▶ [COLLECTED MATERIAL]:
────────

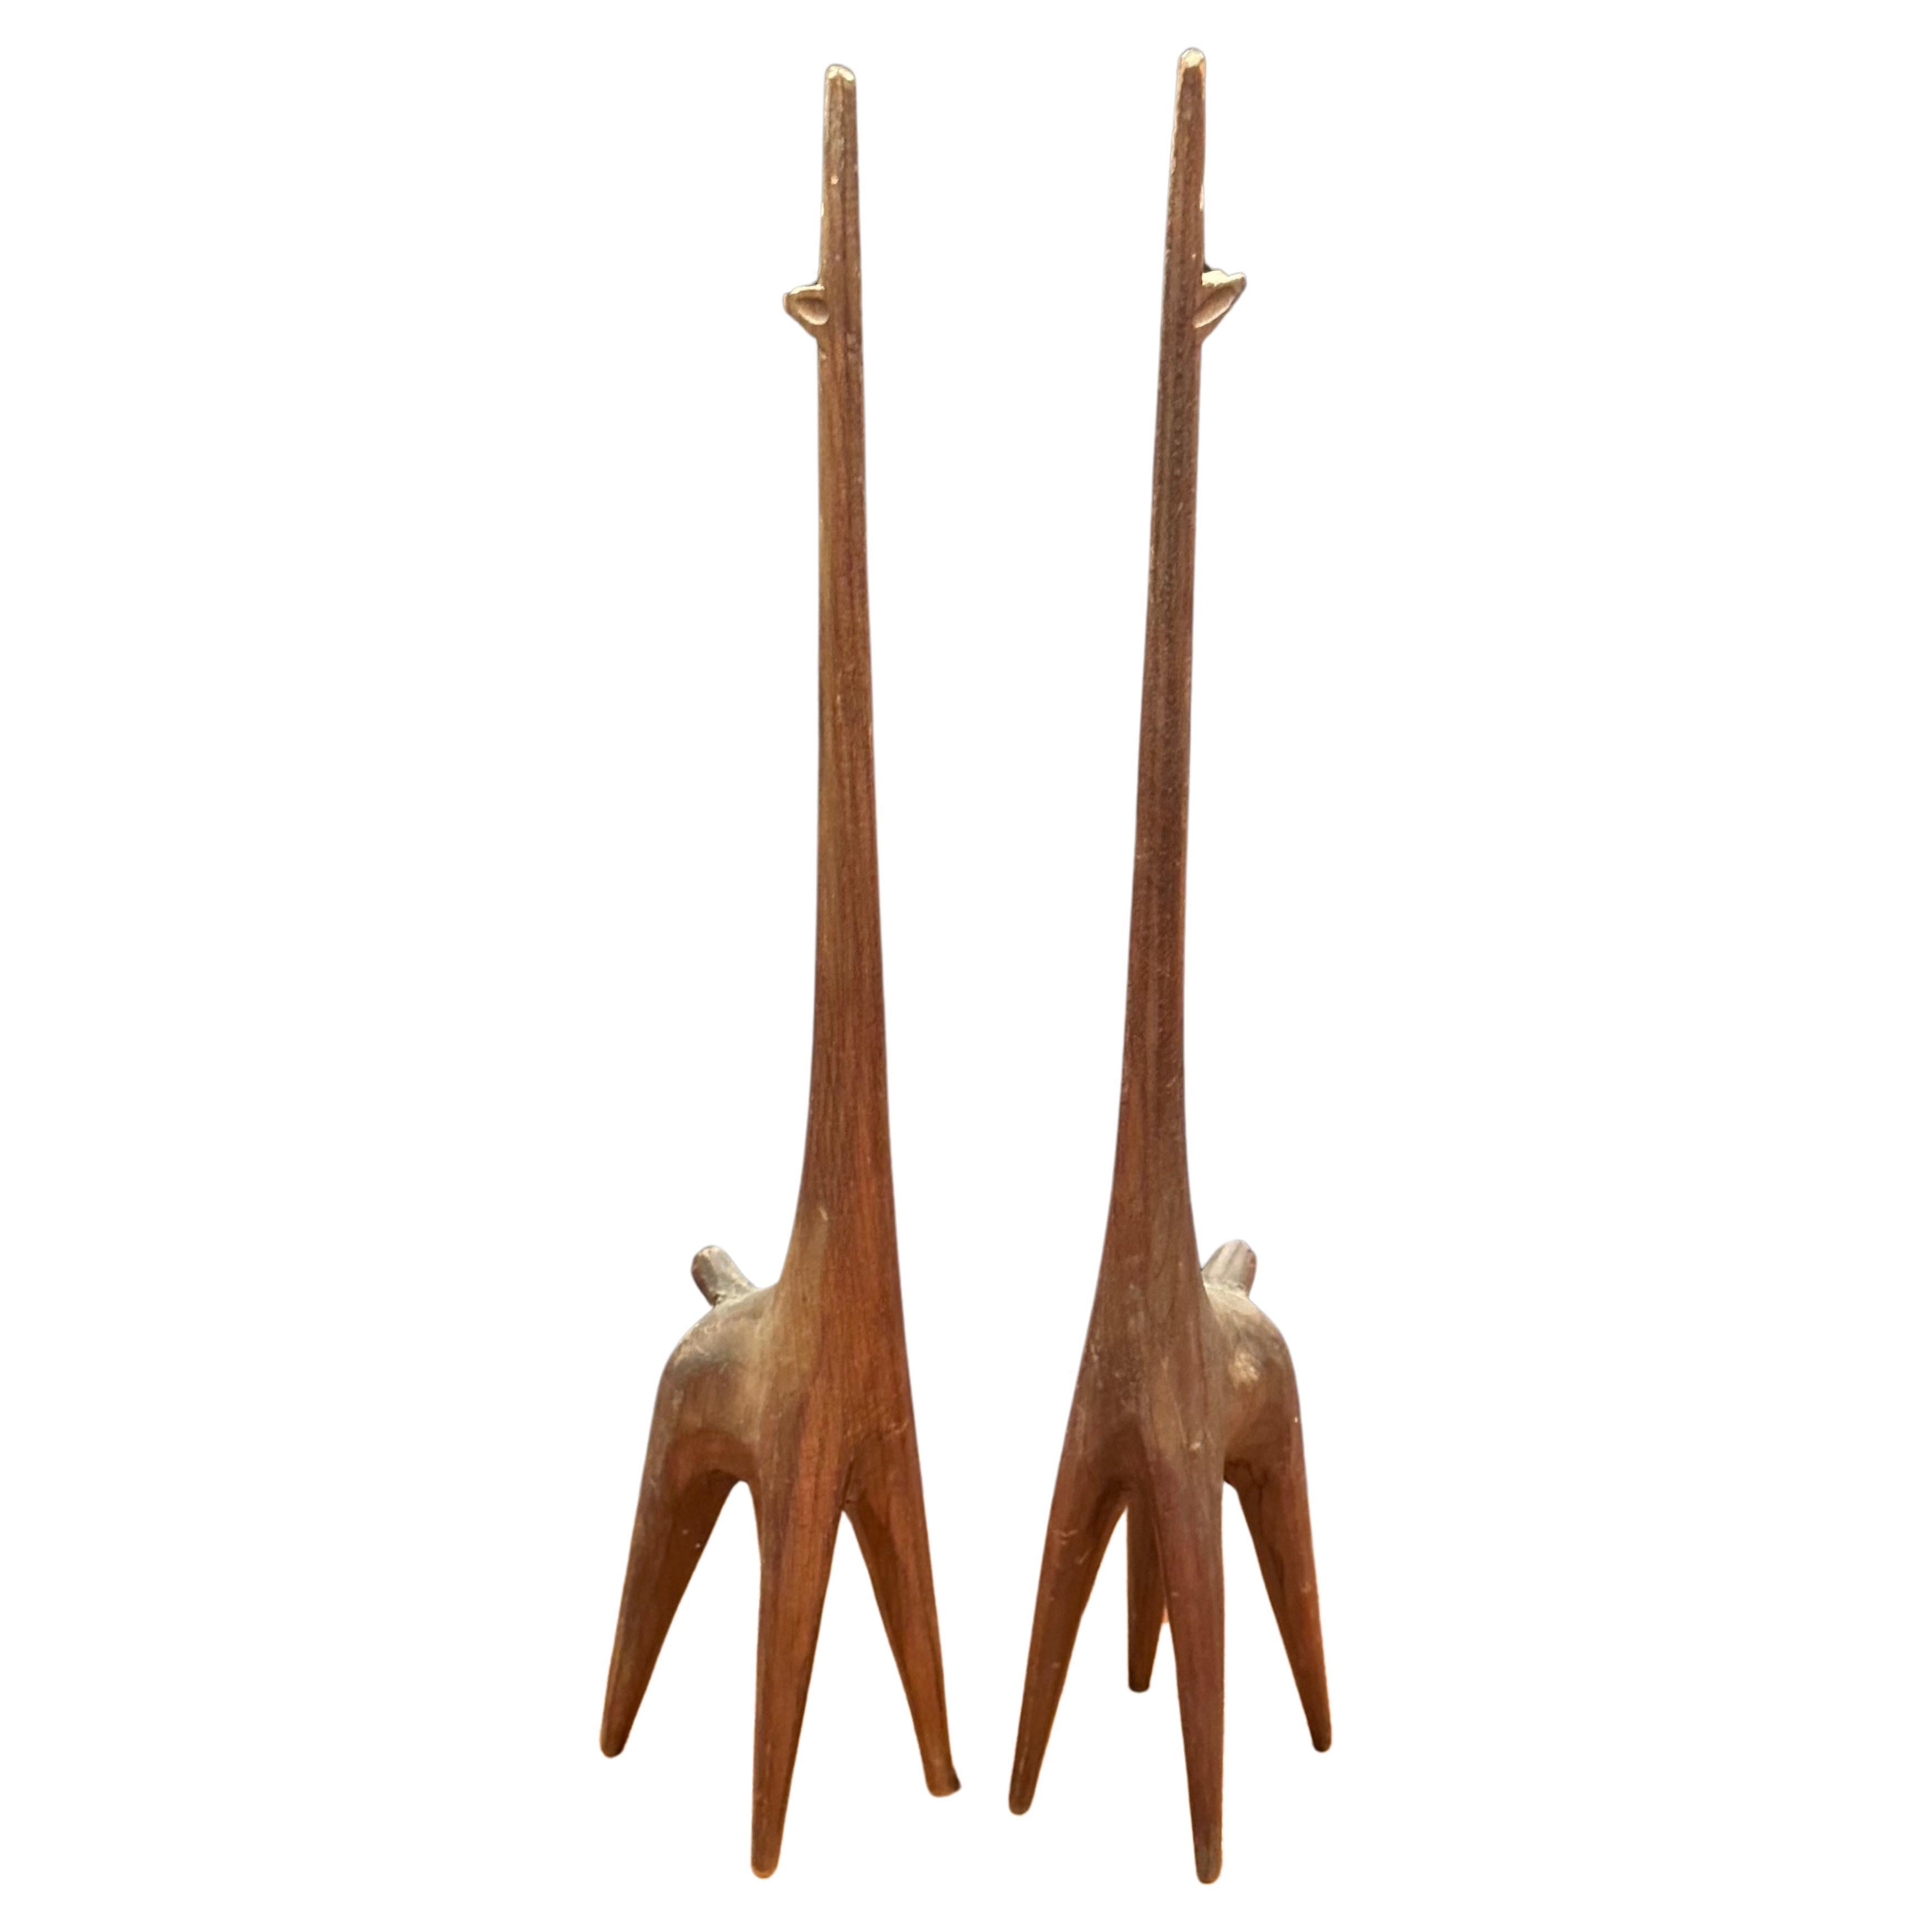 Pair of Modernist Carved Wood Giraffe Sculptures 
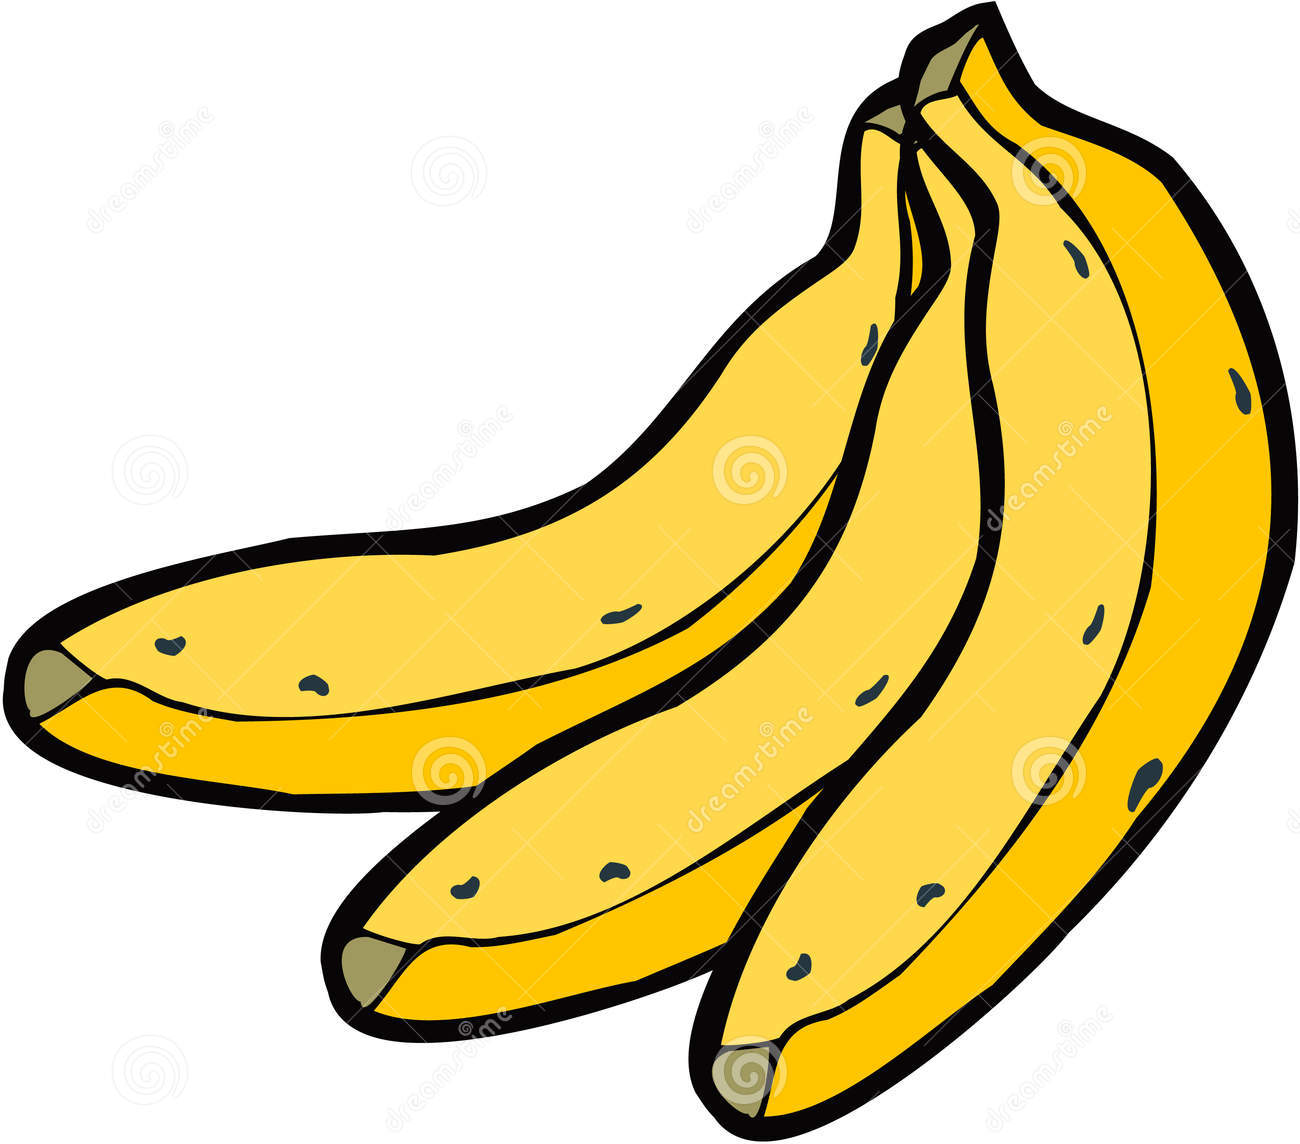 banana clipart black and white
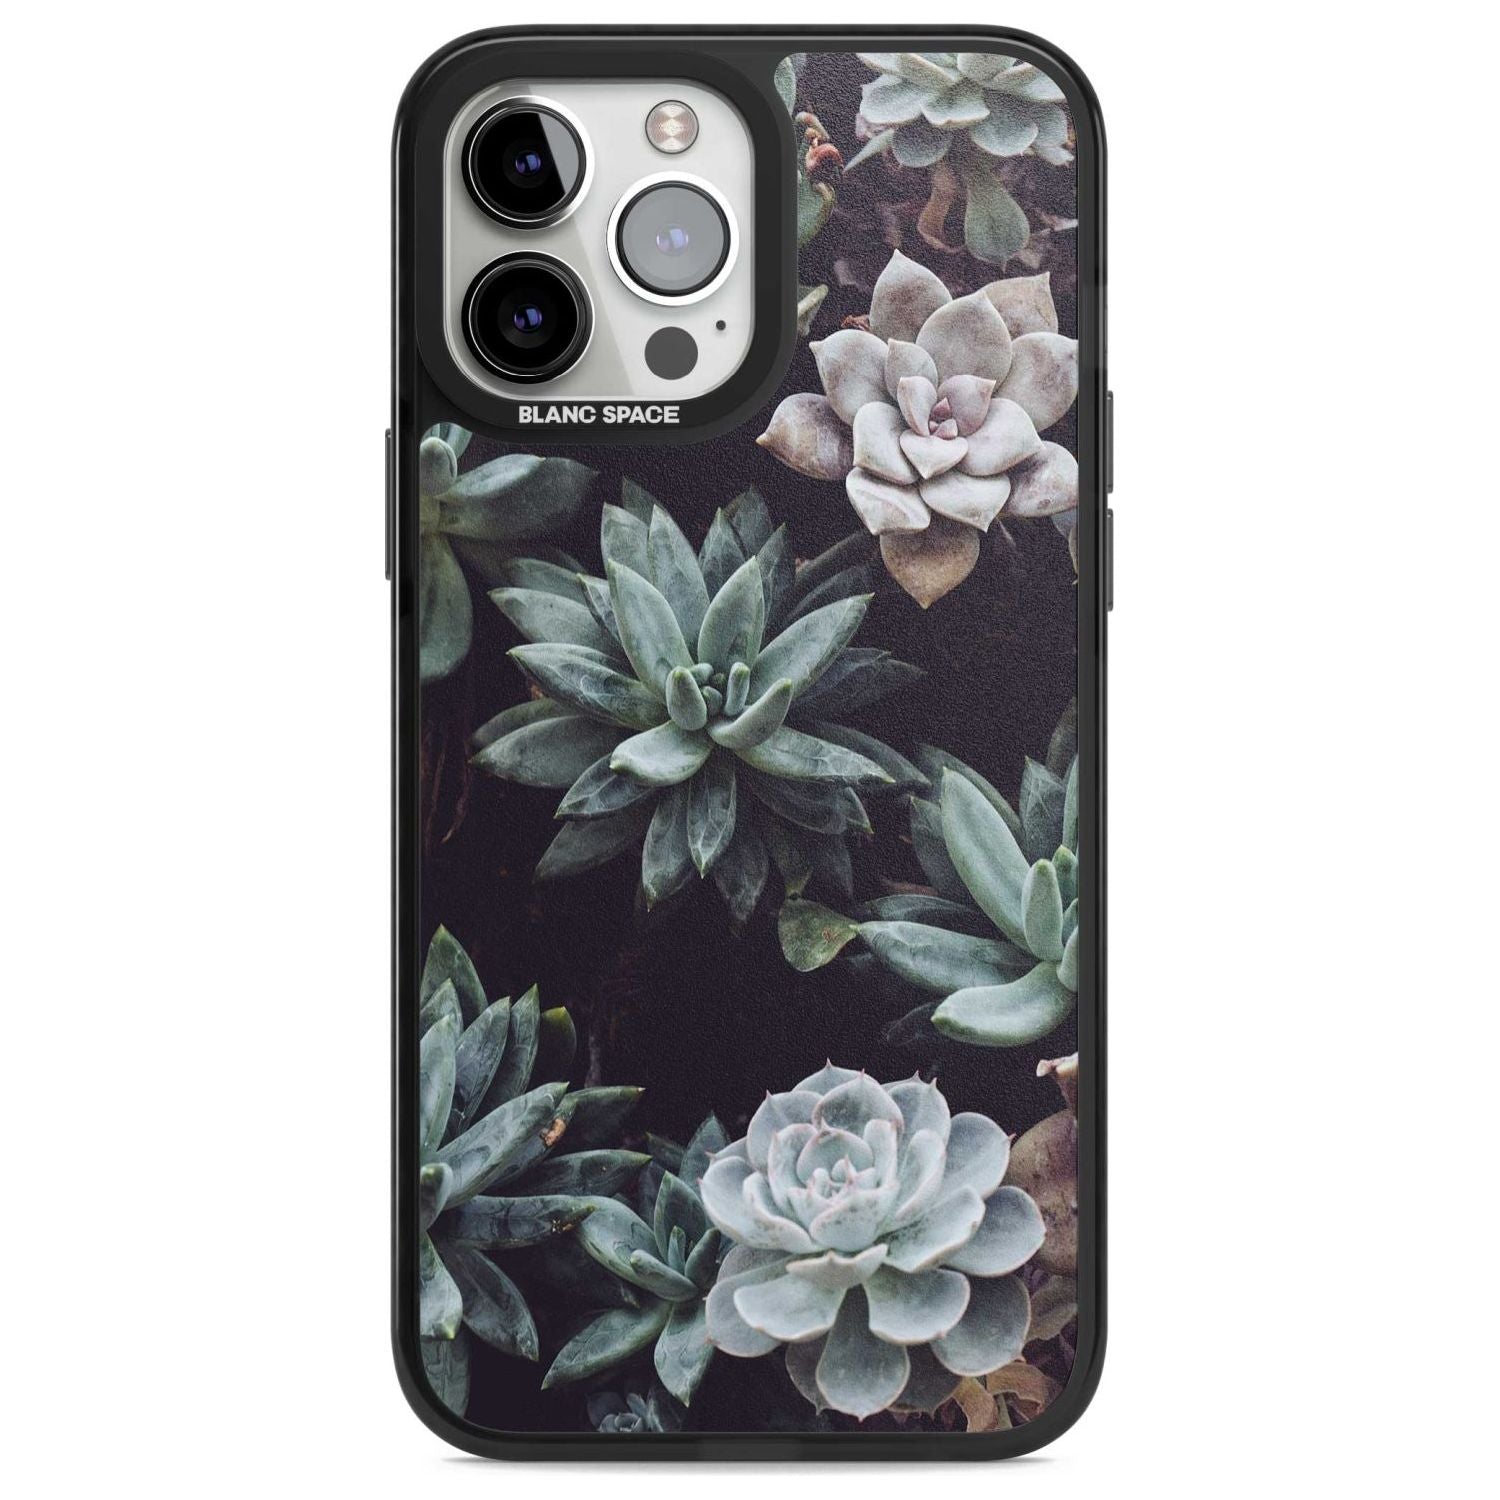 Mixed Succulents - Real Botanical Photographs Phone Case iPhone 13 Pro Max / Magsafe Black Impact Case Blanc Space

────────

▶ [TASK TO COMPLETE]:
Return every line of the listing exactly, leaving its pictures behind.

▶ [ANSWER SPACE]:
 Pair of Modernist Carved Wood Giraffe Sculptures 
 banana clipart black and white
 Mixed Succulents - Real Botanical Photographs Phone Case iPhone 13 Pro Max / Magsafe Black Impact Case Blanc Space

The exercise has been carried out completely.